The Peninsula, Norfolk and Virginia Beach recently announced ways people in Phase 1b can sign up to be informed about their opportunity to get inoculated. But, perhaps confusingly, that “pre-registration” is only the first step in a process to eventually make an appointment.

Dr. Danny Avula, state vaccination coordinator, said Virginia had over 300,000 doses ordered from the federal government for this week, yet only 106,000 were fulfilled. State health department officials say they expect that pattern of receiving about 110,000 doses per week to continue for about a month, and a large ramp-up may not happen until March or April, when other pharmaceutical companies’ vaccines are anticipated to be ready.

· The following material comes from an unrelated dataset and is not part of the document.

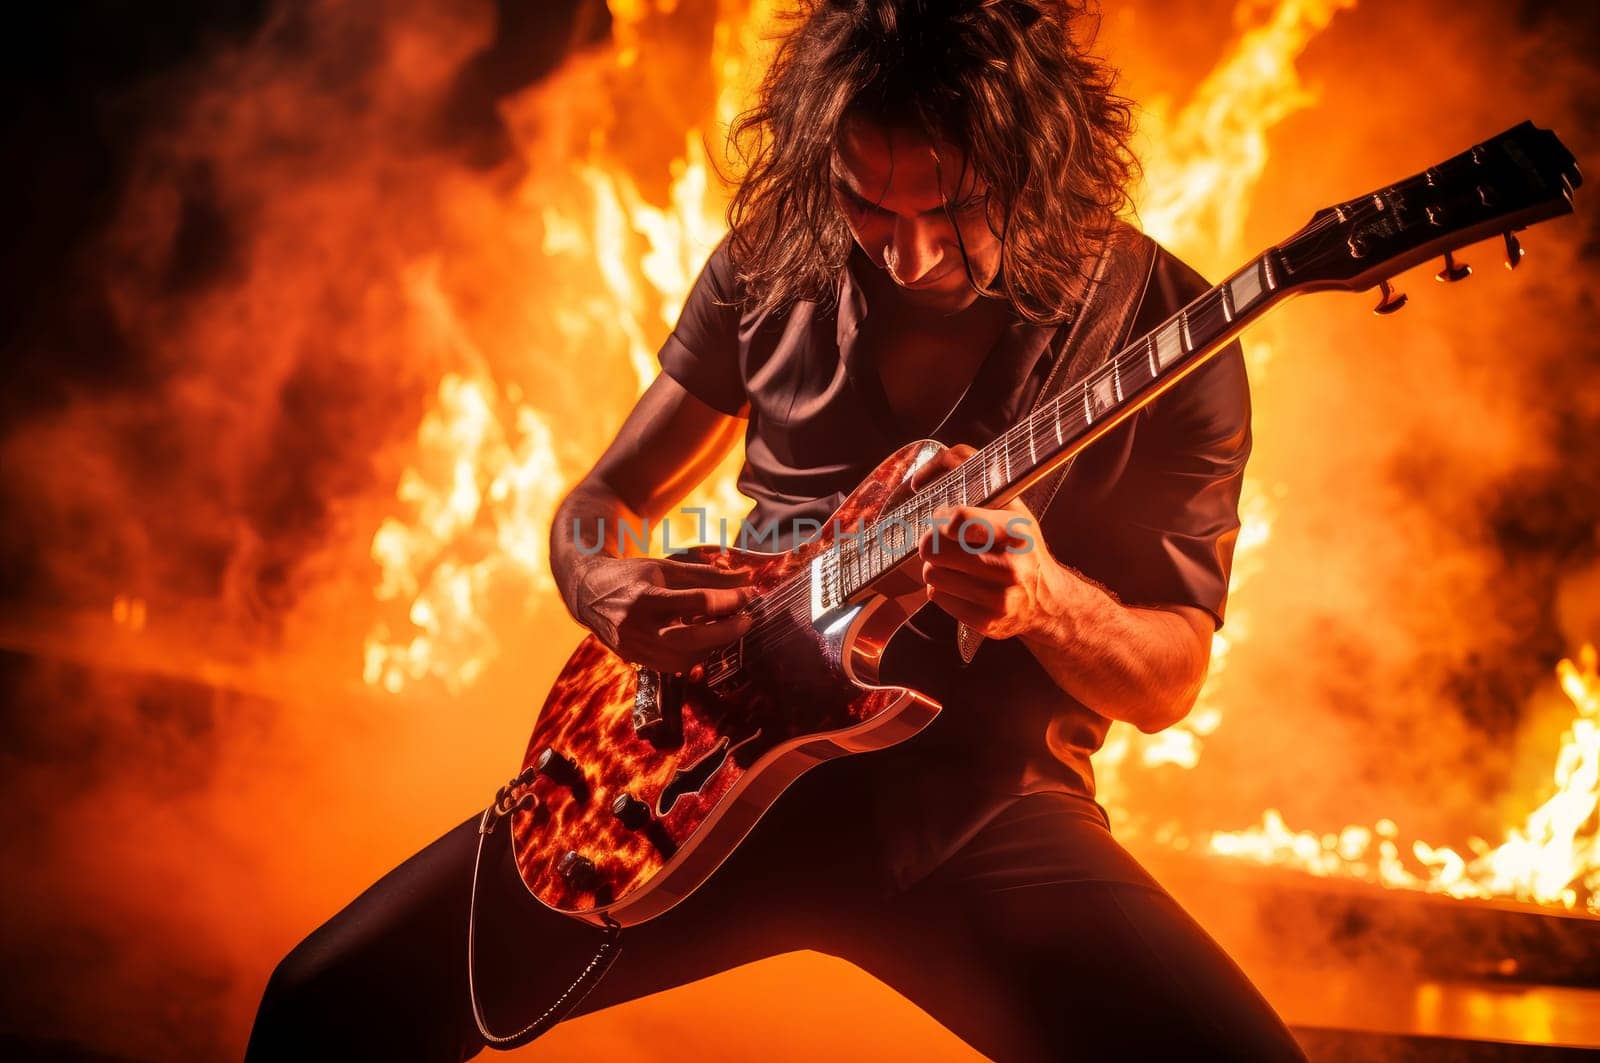 Electrifying Guitarist take on fire. Rock stage music by ylivdesign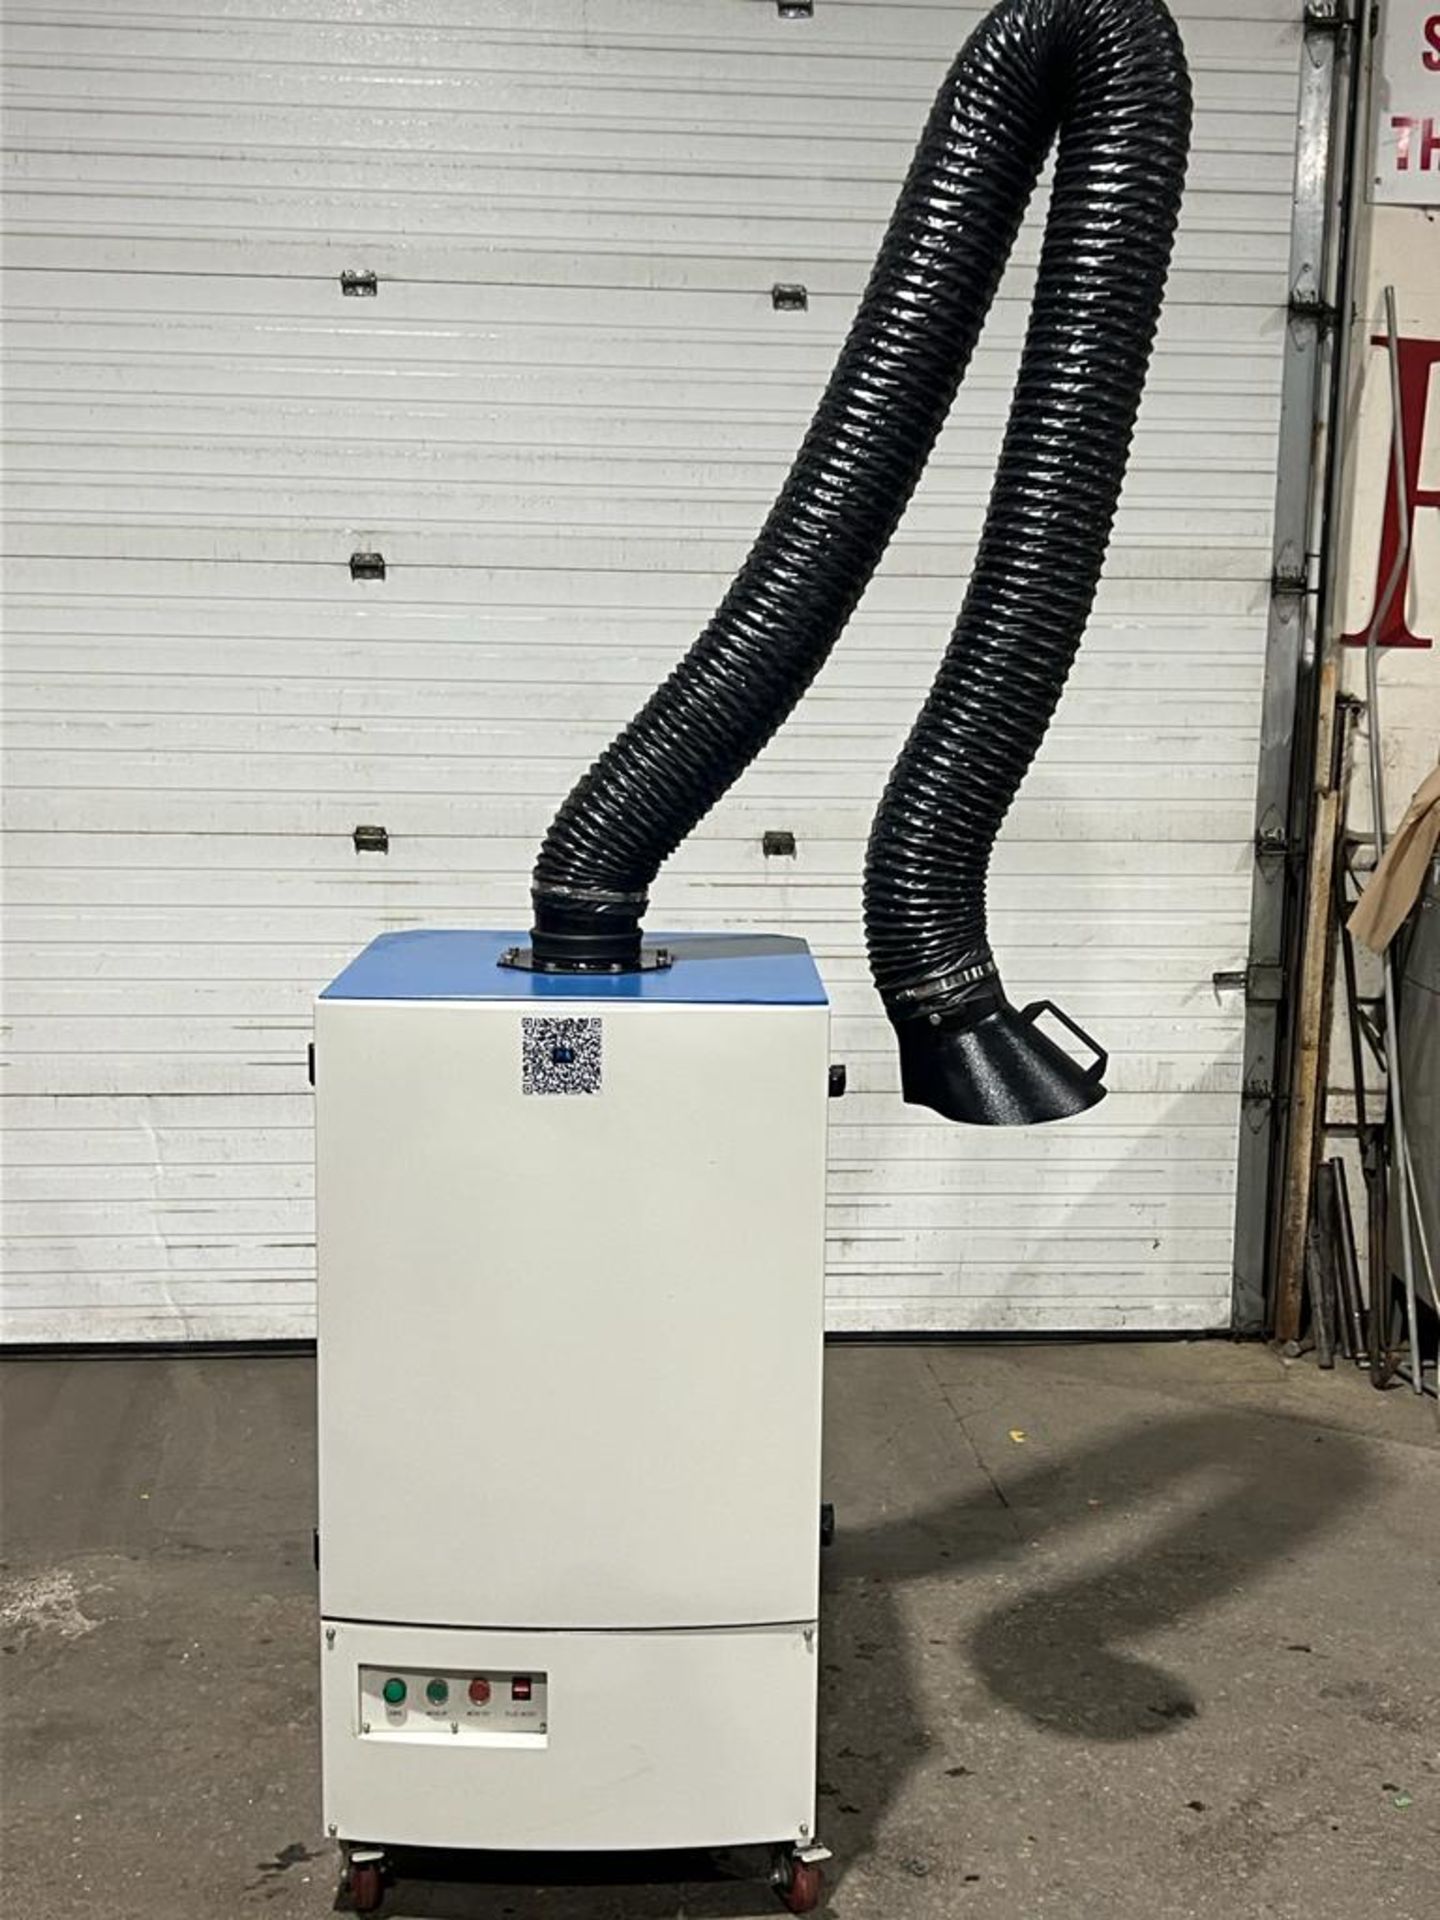 NEW Pneu-Airtec Fume Extractor with MINT long reach snorkel arm - 120V single phase - MINT & UNUSED

Those 110,000 doses spread across the state won’t go very far. Public health officials are using a geographic and population-based calculation to distribute supplies. Chesapeake, for example, has about 3% of the state’s population, so they will be receiving about 3% of those doses. Do the math and that means a city of 250,000 people will get roughly 3,000 per week.

With so many differences in how cities and counties are facing the extraordinary demand, inconsistency is sowing confusion.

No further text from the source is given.